Bu yapıda tüm okullar vardı, çeşit çeşit de okul vardı ama sınırlı idi, bu yapıda camiler gibi bir çok cami de vardı, adına tapınak derlermiş, ta eski çağlardan bu yana taşlardan yapmışlar, piramitleri vardı, okullar genelde 1-2 katlı idi, sonra sonra 4-5 katlı oldu, tapınaklar genelde 2 katlı idi. Kiliselerin yukarı doğru uçları sivri idi, renkli camları çoktu, camilerin de renkli camları vardı, okullarda renkli cam yoktu.
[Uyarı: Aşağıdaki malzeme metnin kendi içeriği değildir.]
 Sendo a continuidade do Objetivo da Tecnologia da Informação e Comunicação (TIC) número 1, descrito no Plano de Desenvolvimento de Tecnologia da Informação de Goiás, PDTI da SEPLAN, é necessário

Bu yapı çok garipti. Okuldakilerin sayıları belli idi, camidekiler de belli idi, saysan sayılabilirdi, bu yapıya ne cetvel yetiyordu ne tespih taneleri, bu yapı ne içindi bir türlü çözemedim. Burada ibadet edilmiyordu, bu yapının içine girilseydi belki tapınağa da gidilirdi, lakin bu yapıda çok şey öğreniliyordu lakin yine de girilmiyordu içine. Bir zamanda bu yapıyı halıya koydum 180 derece açılan yapıları yapıldıktan sonra üstüne bastım belki kafayla girilmiyorsa içine ayakla girilir diye kırılacaktı. Özür dilerim burada yalancı oldum, üstüne basmadım ama üstüne basıp içine girmeyi düşündüydüm. Düşünerek karar vermiştim ama üstüne basarsam kırılır diye basamadım. O yüzden yani, kırılmasın diye basamadım.
Bu yüzden üzerine istemeden bastığım ve kırdığım var ise özür dilerim.
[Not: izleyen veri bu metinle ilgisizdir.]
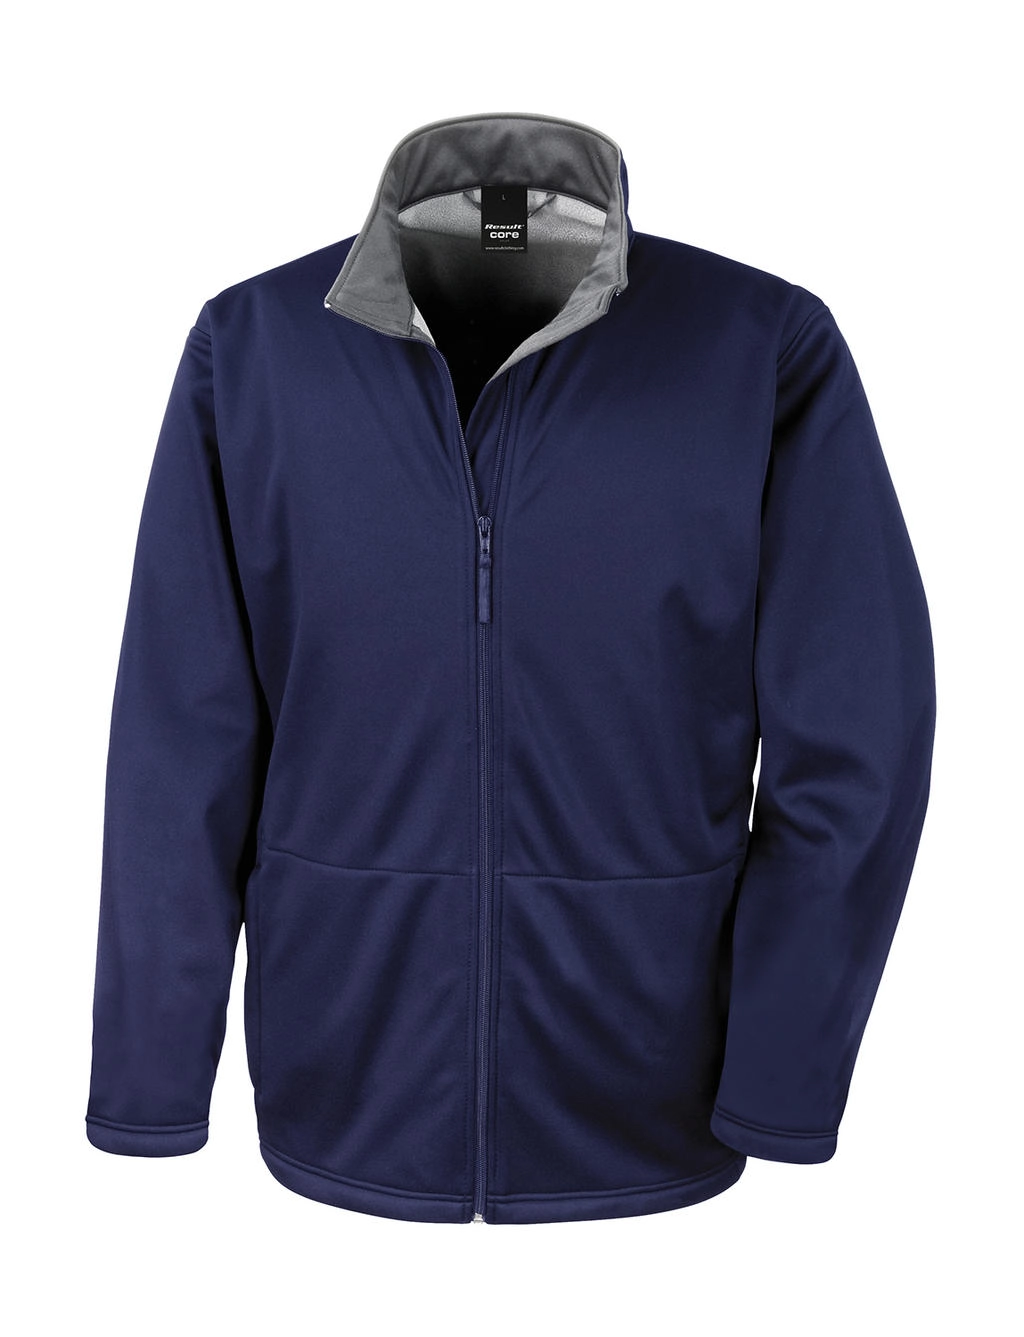 Core Softshell Jacket zum Besticken und Bedrucken in der Farbe Navy mit Ihren Logo, Schriftzug oder Motiv.

Okulda öğretici cetvelle vurur idi gibi, camide de bir sopa ile dürter veya vururdu öğretici, burda ise öğretici yoktu dedim ya, sopa da yoktu hem. Bu yapının içinde camideki veya okuldaki soba veya kalorifer tesisatı yoktu, ısıtmıyordu bu yapı. Hem üşütmüyordu da.
Kuşlar, köpekler, kediler genelde okula ve camiye girmezdi, bahçelerinde, yan taraflarında olurdu, ama burda kuşlar köpekler kediler ekranın içinde idi. Diğer iki yapıda canavar yoktu, bu yapıda çok canavarlar vardı, dinozorları ilk bu yapıda gördüm, yürüyorlardı, belki okuldaki kitaplarda resmini de görmüş olabilirdim ama resimler hareketsiz idi, buradaki canavarlar ise hareket ediyordu. Aslanları ilk bu yapıda gördüm, sırtlanları da, timsahları, filleri de. Çok hayvan gördüm bu yapının içinde. Hem bu yapının içinde sular da akıyordu ama ıslatmıyordu hiç, seller gördüm, tsunamiler, hatta dünyayı dışından gördüm.
Okuldaki yuvarlık dünya vardı ya hani, seyrettim ben bu yapıdan dünyayı. Bu dünya dedim sonra, okuldan da camiden de büyükmüş. Cami çok küçük kaldı bu yapının içinde, okul biraz büyüktü ama o da çok küçük kaldı. Bu yapı hepsinden büyüktü, dünya bile sığıyordu içine, hemi de güneş de, hemi de samanyolu, andromedia denilen galaksiler ve diğer yıldızlar ve yıldız kümeleri de, bu yapı çok büyüktü çok çok büyük, cetvelle ölçülemiyordu ki nasıl ölçeyim.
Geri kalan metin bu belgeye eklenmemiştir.